Major Customers and Suppliers

Two Starz Networks’ Distributors each accounted for more than 10% of Starz’s total revenue and together accounted for 41%, 36% and 34% of Starz’s total revenue for the years ended December 31, 2015, 2014 and 2013, respectively. There were no other Distributors or other customers that accounted for more than 10% of revenue in any year. Starz’s premium networks and services are provided to these Distributors pursuant to affiliation agreements with varying terms.

As discussed in Note 11, Starz has entered into agreements to license theatrically released films from studios owned by Sony (through 2021) and Disney (through 2015). Films are available to Starz for exhibition generally 8-13 months after their theatrical release.
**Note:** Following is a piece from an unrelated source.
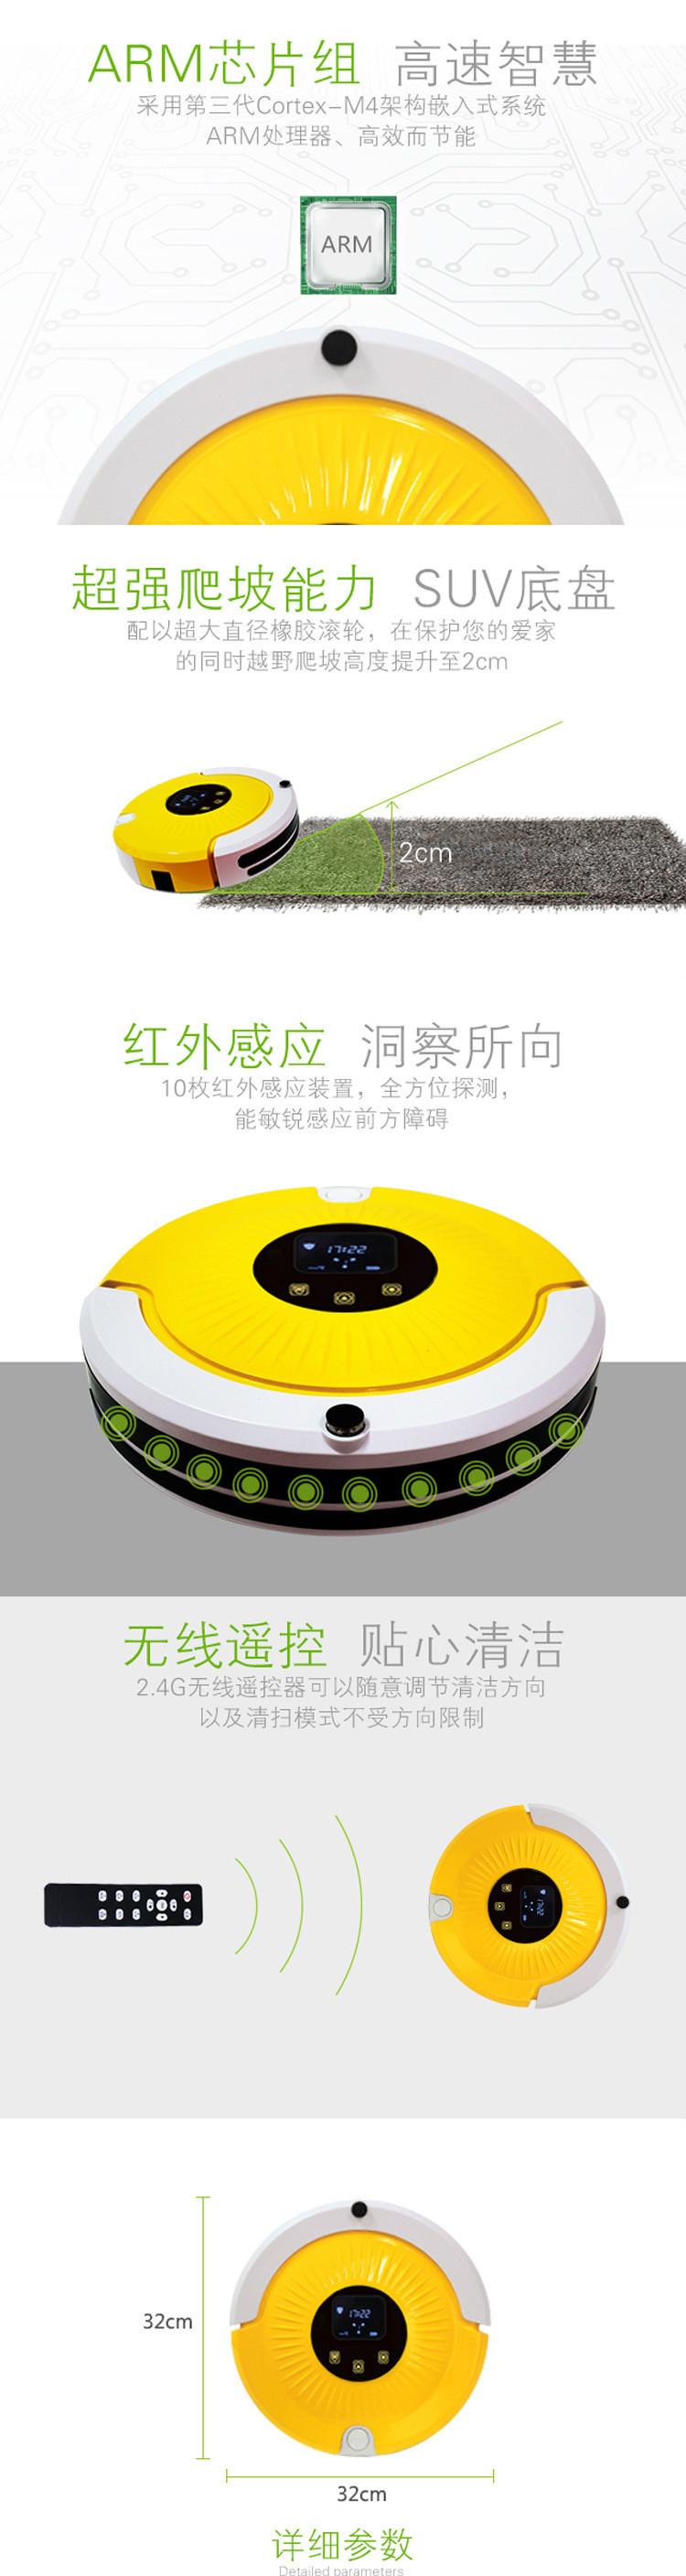 凤瑞智能全自动扫地机器人超薄家用拖地oem扫拖吸一体机示例图18
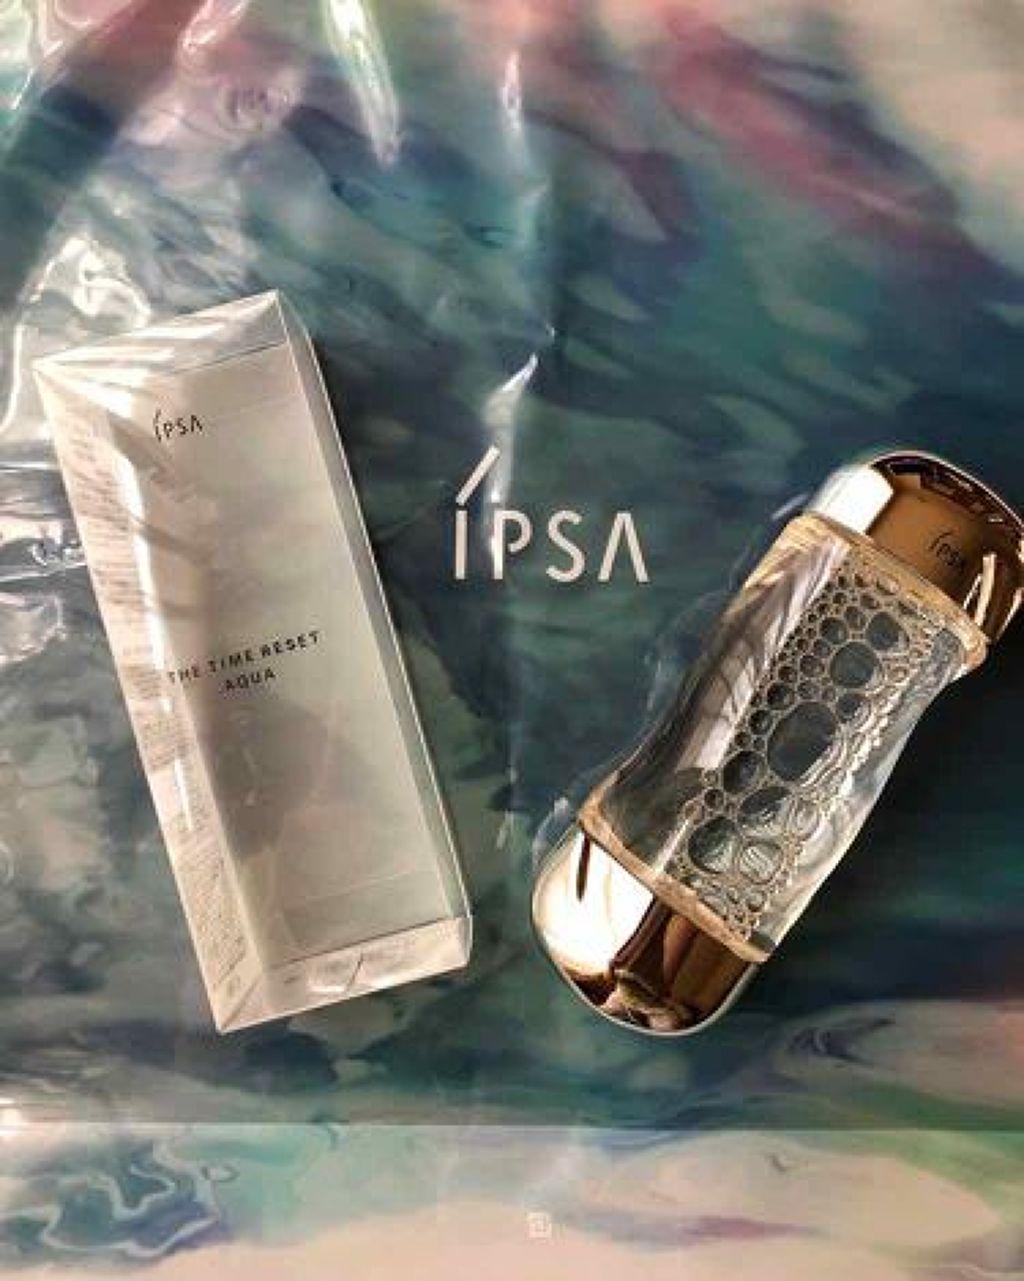 化粧水は効果的な使い方と選び方が重要【化粧水に効果がない人必見】美肌を目指せるおすすめ化粧水24選のサムネイル

Anchor Bay Entertainment outsources substantially all of its home video distribution services, including DVD manufacturing and distribution to Twentieth Century Fox Home Entertainment LLC. The agreement expires on June 30, 2020.

Foreign Operations

Revenue generated outside of the U.S. represented 5%, 4% and 5% of consolidated revenue for each of the years ended December 31, 2015, 2014 and 2013, respectively.  Net long-lived assets outside the U.S. were less than 1% of consolidated net long-lived assets as of December 31, 2015 and 2014.